Prof: Vólia Bomfim Cassar*

 

A reforma trabalhista começou timidamente com um projeto de sete artigos e se transformou numa radical mudança, não só da legislação trabalhista, mas também da estrutura do Direito do Trabalho, seus princípios e fundamentos.

 A lei 13.467/17 que entrou em vigor no dia 11 de novembro, modificou mais de 117 artigos tanto da CLT como das leis 8.213/91, 8.036/90 e 13.429/17. Na prática as alterações impactam em mais de 200 dispositivos legais relativos tanto ao direito material como processual. 

 Este artigo visa explorar o tema apenas sob o enfoque de uma das maiores novidades trazidas pela reforma: o contrato intermitente.

 

O que é o contrato intermitente

 A lei 13.467/2017 acresceu à CLT os artigos 452-A e as seguintes e alterou o art. 443 da legislação para criar o contrato intermitente.

 O conceito de contrato intermitente está no parágrafo 3º do artigo 443 da CLT:

 Considera-se como intermitente o contrato de trabalho no qual a prestação de serviços, com subordinação, não é contínua, ocorrendo com alternância de períodos de prestação de serviços e de inatividade, determinados em horas, dias ou meses, independentemente do tipo de atividade do empregado e do empregador, exceto para os aeronautas, regidos por legislação própria.

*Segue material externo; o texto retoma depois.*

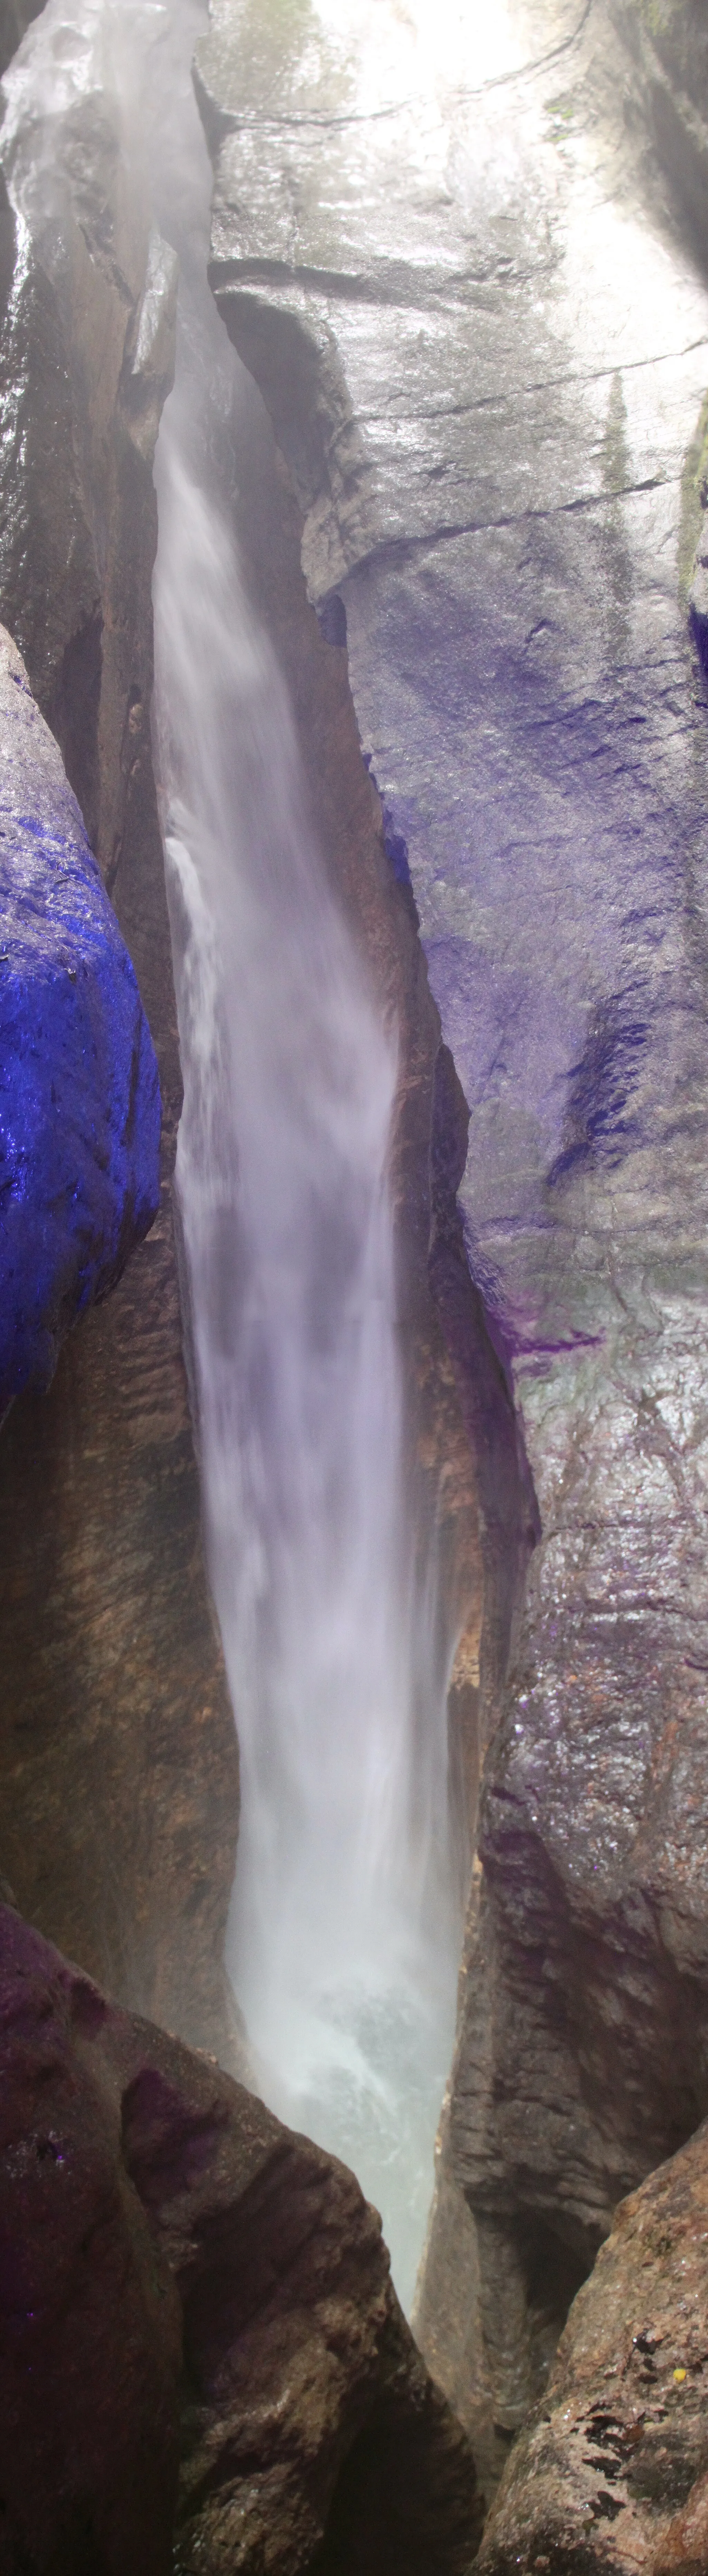 Photo showing: Cascata del Varone, Trento Province, Trentino Region, Italy. Waterfall (Total height about 100 meters, not completely visible). The blue and violet colours are caused by artificial lightning.

 O contrato de trabalho pode ser ajustado para trabalho intermitente, isto é, para serviçosdescontínuos e transitórios, com alternância de períodos de trabalho e de inatividade.

Algumas vezes a necessidade do serviço é imprevisível e pode variar de tempos em tempos. Essa espécie de contrato não se aplica aos aeronautas. 

 O período de inatividade será considerado como suspensão do contrato de trabalho e, na forma parágrafo 5º do artigo 452-A da CLT.

Não será computado como tempo à disposição, podendo o trabalhador prestar serviços a outros tomadores. Aliás, poderá o prestador de serviços recusar as convocações ao trabalho, pois não será considerado como ato de insubordinação.

 A formalidade exigida pelo caput do art. 452-A da CLT (contrato escrito) é essencial para validade da cláusula de “intermitência”. Isso significa que, se o empregado foi contratado oralmente ou de maneira tácita para trabalhar desta forma, não será regido pelo contrato intermitente e o seu tempo à disposição será contado conforme o art. 4.º da CLT, devendo ser aplicadas as demais regras da legislação.

 

Garantias ao empregado

 De acordo com o art. 452-A da CLT, o contrato de trabalho intermitente deve garantir ao empregado o valor da hora de serviço nunca inferior ao salário mínimo ou àquele devido aos demais empregados do estabelecimento. Logo, foi garantida a isonomia salarial entre os empregados contínuos e os intermitentes.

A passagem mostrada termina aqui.